Contrary to most beliefs, privately held companies represent the vast majority by numbers and value, outsizing the number of exchange traded ones. Anterion advise investors on how to access this huge market.
Whereas most listed shares are traded on a daily basis, the shares of privately held companies are not. Hence, transactions are not on "Auctions" via an Exchange, but based on private negotiations between seller and buyer.
In order to access this market, most professional investors can only invest via Private Equity funds.
What has changed over the past decades?
Being a successful fund manager (GP, General Partner in a limited liability company) 20 years ago was a matter of being skilled at financial engineering Today, however, it is different.
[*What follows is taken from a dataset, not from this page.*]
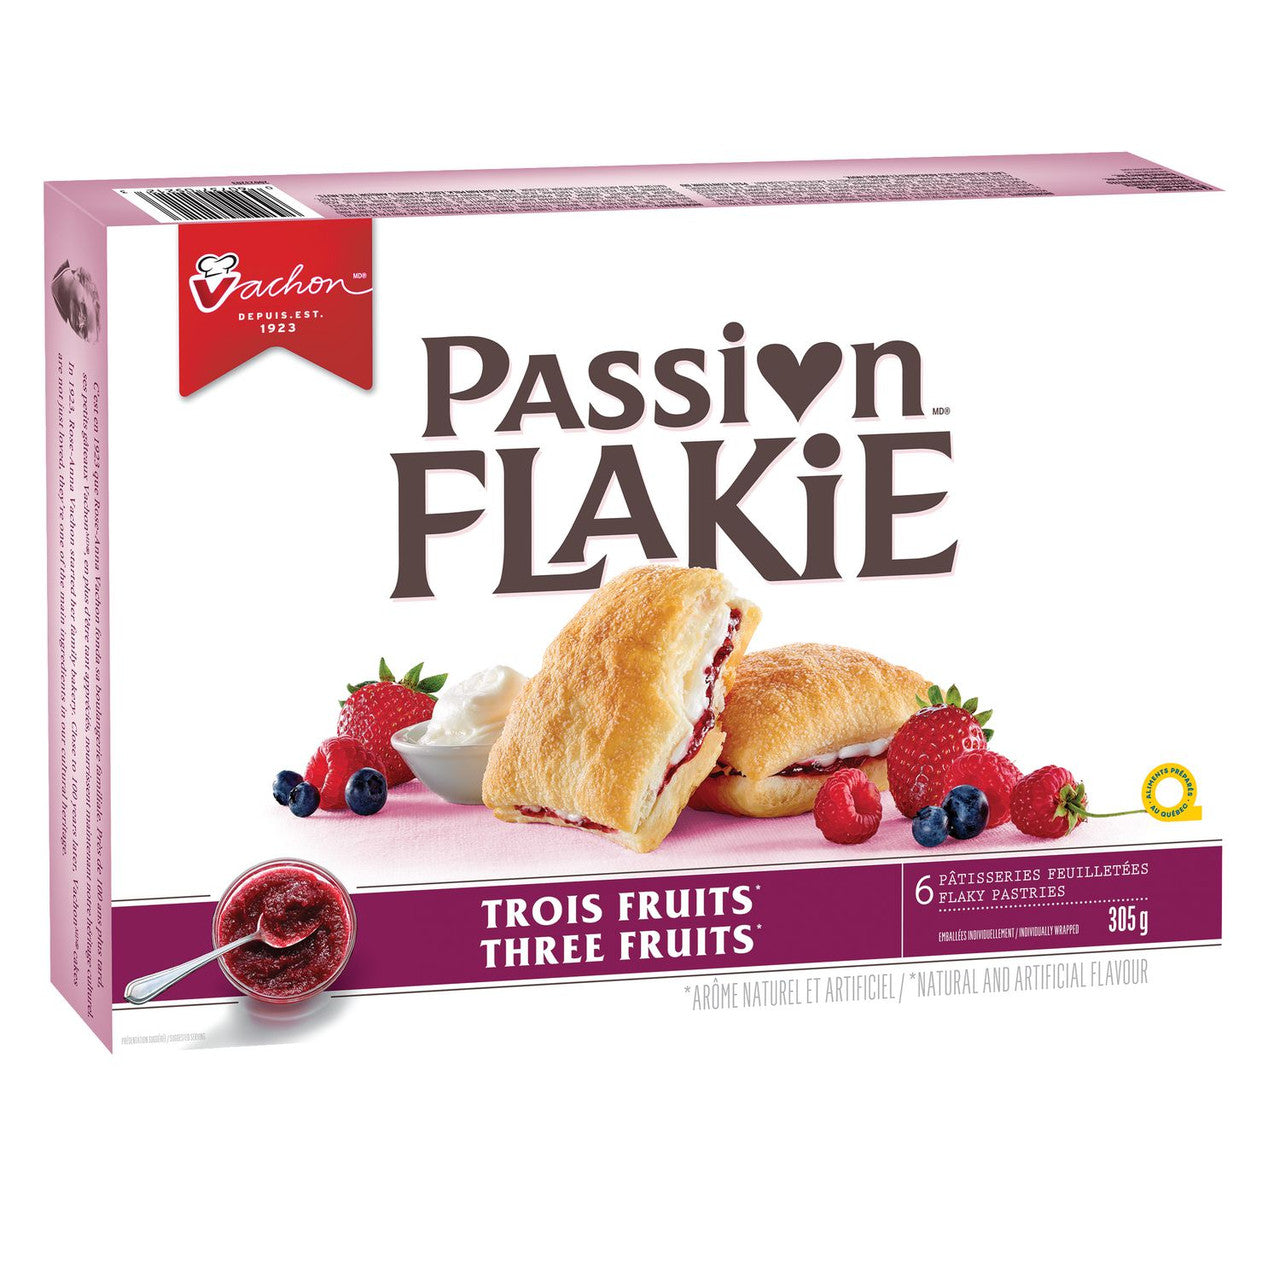 Vachon Passion Flakie Pastries Three Fruits 305g/10.8oz,  {Imported from Canada}

Special skill-sets are now required; deal sourcing and -structuring, operational optimization, ability to digitalize, to understand very complex technologies, to build an attractive eco-system around you to attract talent, and to be financially savvy - to set yourself aside in a hugely competitive market.
What to do?
If investors are able to select the most talented managers, they are likely to achieve above-average returns. Just as in the world of listed securities. Obviously, spreading your investments is key. But how to do that when you, as an investor, have limited time and capital at your disposal?
In our view, supported by industry data, smaller successful funds run by newer managers will outperform the larger, more well-established names. The reasons are multiple, one major reason being that the smaller funds operate in a SME market niche where the larger capital providers cannot participate and, hence, avoid auction-pricing on their deals.
The problem with this is, however, that smaller funds do not fit all investor's investment appetite. Larger pensions funds, for example, cannot invest in these vehicles due to their size.